**Task**
Give all of the data below again exactly, and drop the images.

**Dataset section**

»»

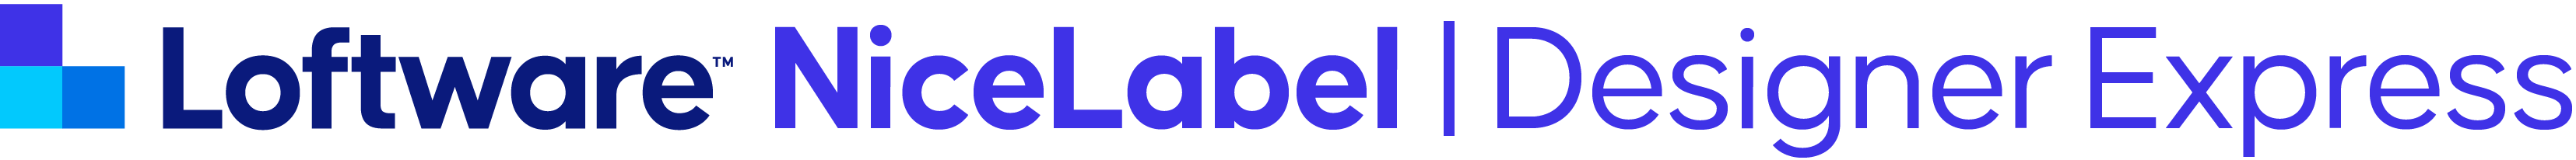 logo nicelabel cloud designer
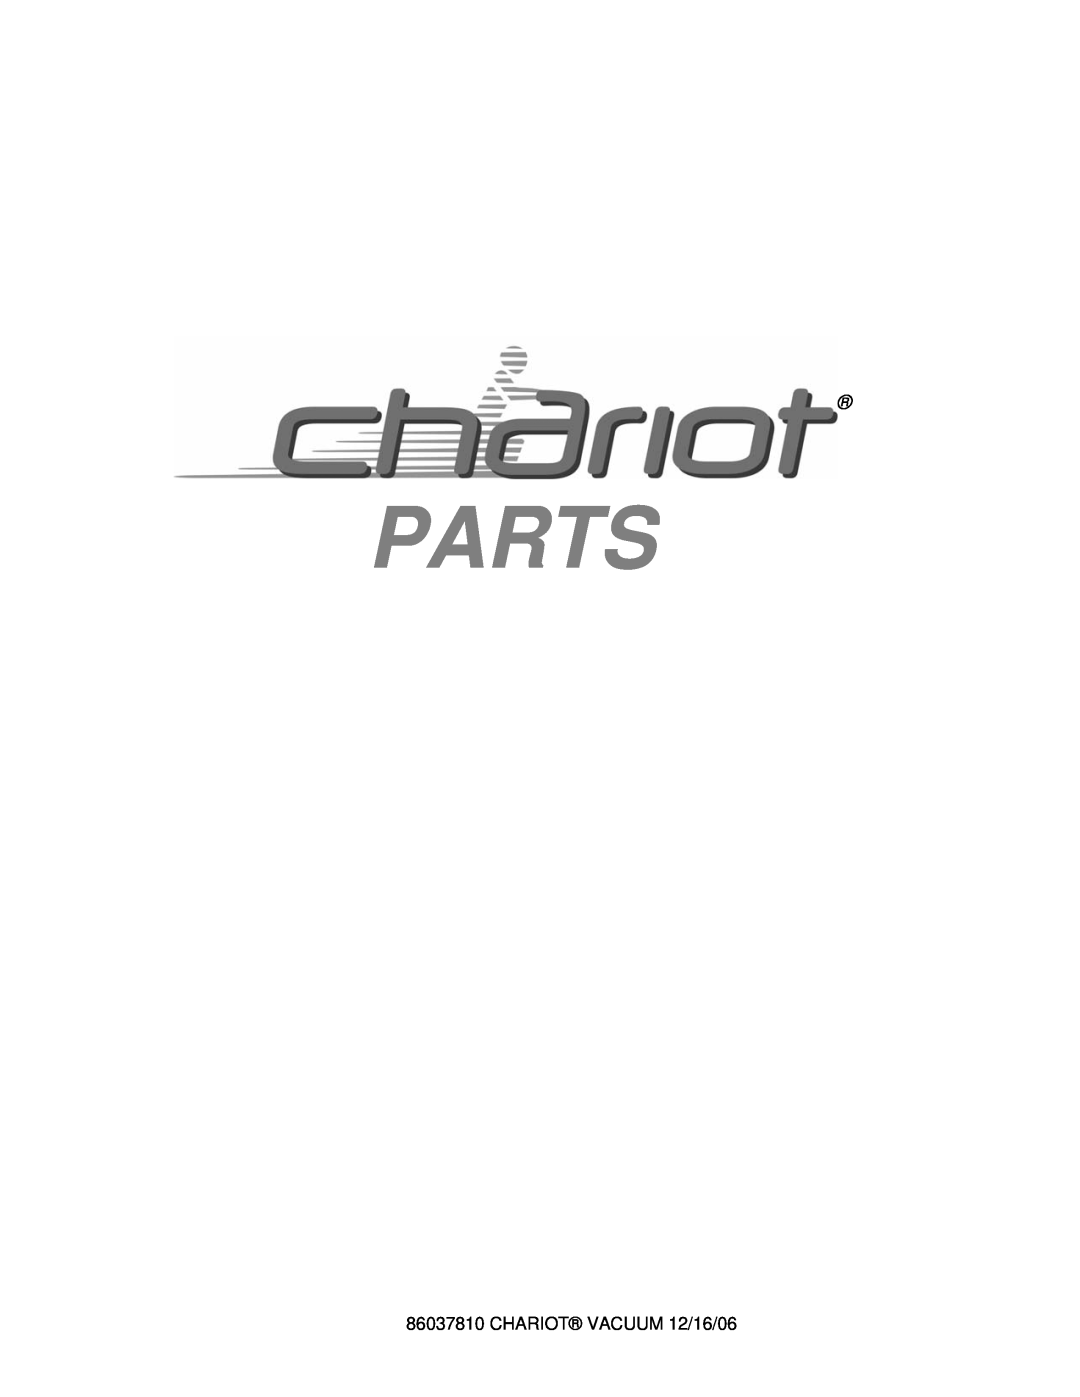 Windsor CVX28, CVXCD28, CVXE28, CVE28, CV28 manual Parts, CHARIOT VACUUM 12/16/06 
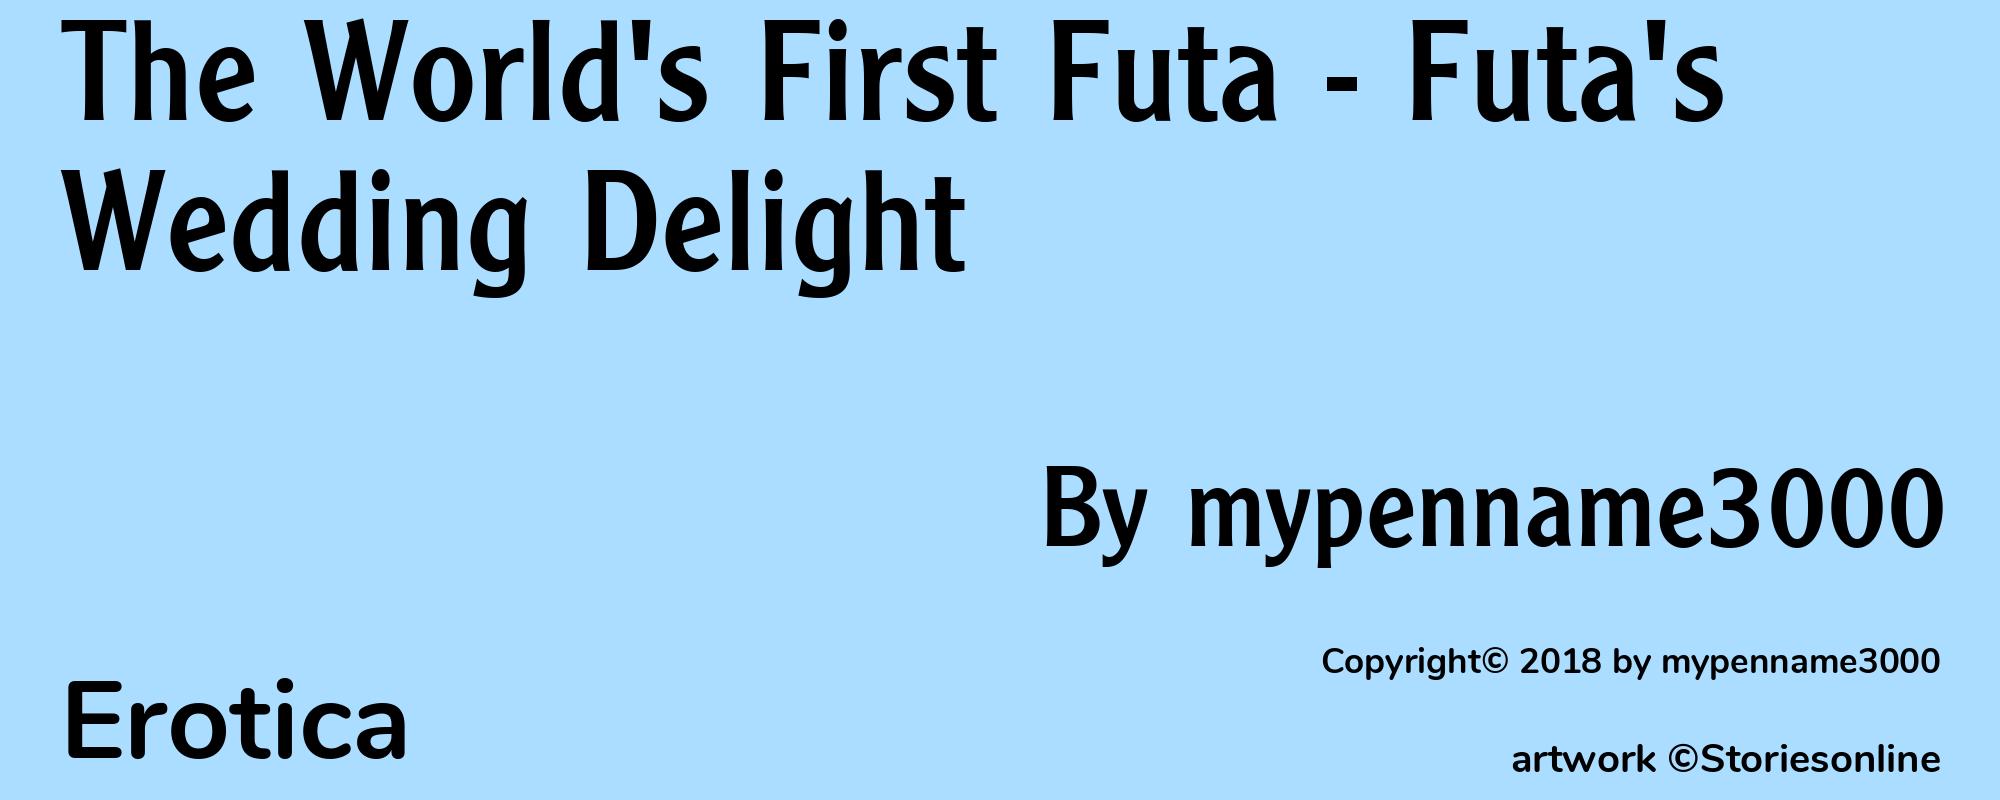 The World's First Futa - Futa's Wedding Delight - Cover

««

**Completed task**
 logo nicelabel cloud designer
 Windsor CVX28, CVXCD28, CVXE28, CVE28, CV28 manual Parts, CHARIOT VACUUM 12/16/06 
 The World's First Futa - Futa's Wedding Delight - Cover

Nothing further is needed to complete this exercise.